Totally. I was in Physical therapy for a relatively minor thing – tenditis in both elbows – at a major research hospital so when I would go to PT I would see people with WAY worse problems than me.

But my pain hurt me, and my treatment wasn’t progressing, and every day at work was making it worse. One day I had a meltdown at PT in front of God and everyone, just wailing how I was never going to get better. Then I double-wailed on how I was the biggest wussy and lame-ass in the world, complaining when so many people had worse issues and would give their left nut to have only my problems.

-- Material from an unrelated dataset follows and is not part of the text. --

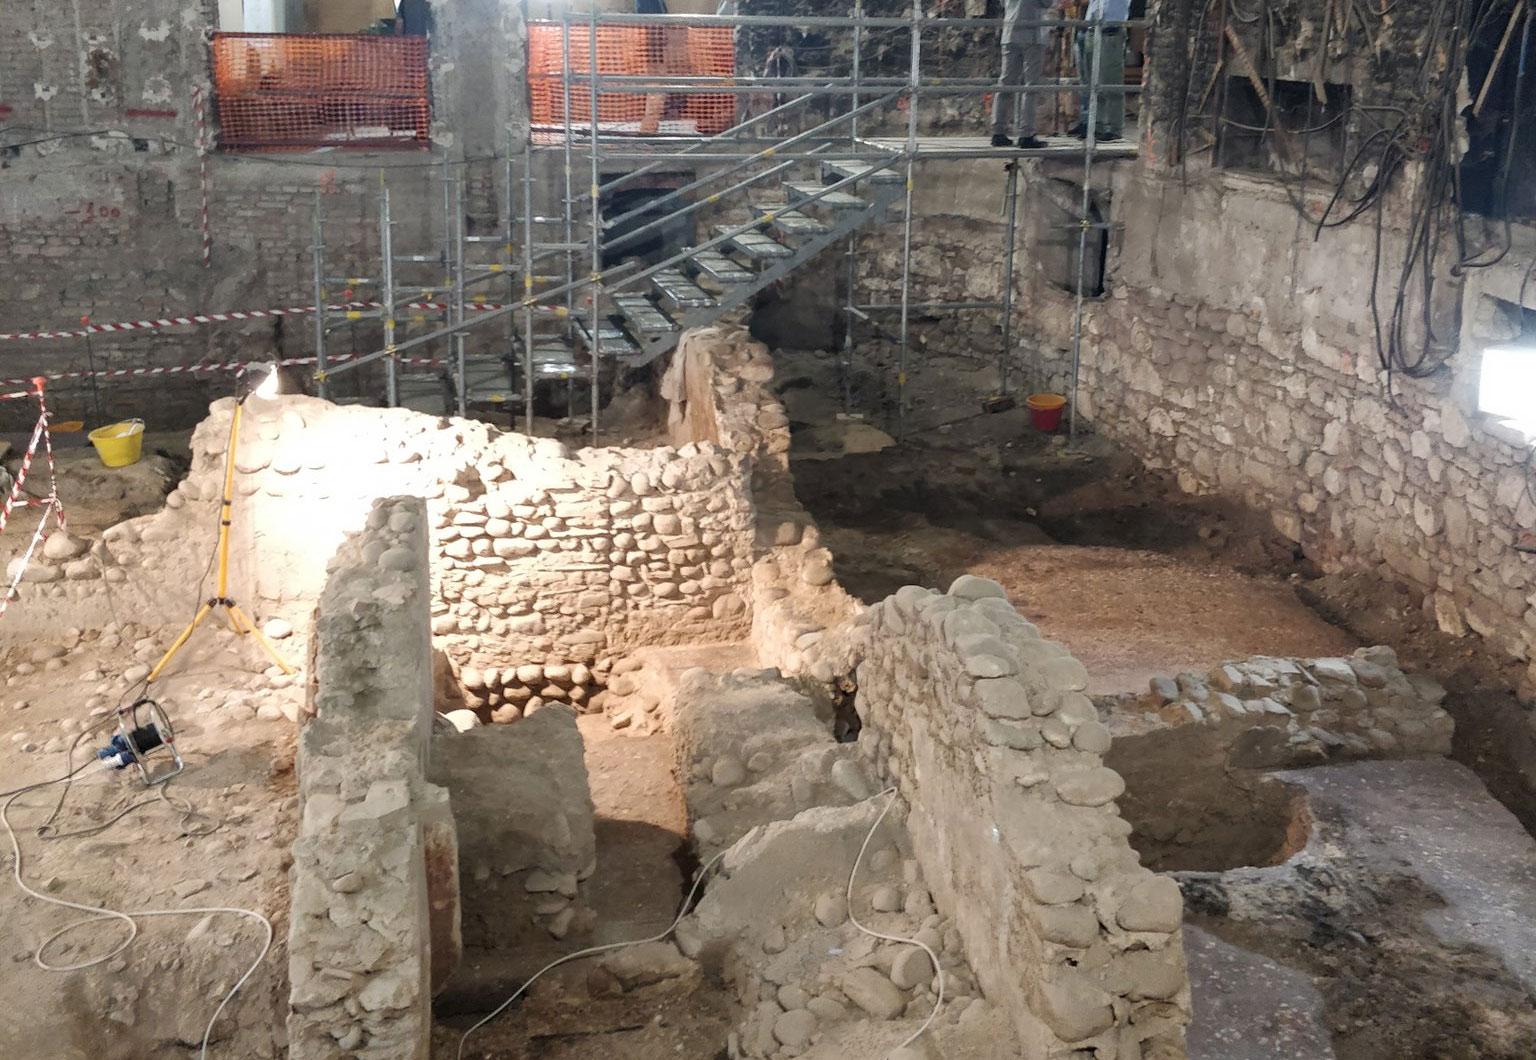 """Piccola Pompei a Verona? No a confronti ridicoli. Il complesso """"scoperto"""" era noto dal 2004"""

The PT said to me exactly what FilmGeek said earlier. You are entitled to experience your own pain, even if others have it worse.

As far as suggestions, just in case you want some (LOL), is there any way for you to move out or get a little breathing room from your mom? She seems like she’s really dragging you down. You might also participate in IRL or online supprt groups for joint problems. Have you seen anyone (like an occupational therapist) to help you with your hands? I used to see people with rheumatoid arthitis getting these parraffin treatments on their hands, they said it worked wonders. Also, for excercise, have you tried swimming? Many communities have “deep water aerobics” that are virtually zero impact (and its really hard to trip and fall dow) and beneficial to people with a lot of physical problems that make it hard to excercise. My community even has classes in a heated therapeutic pool! (I live in a midewestern city of 100,000) And they are very affordable.

Best of luck to you, you sound like an interesting person to me – and domestic animal behavior can be a very good & profitable field!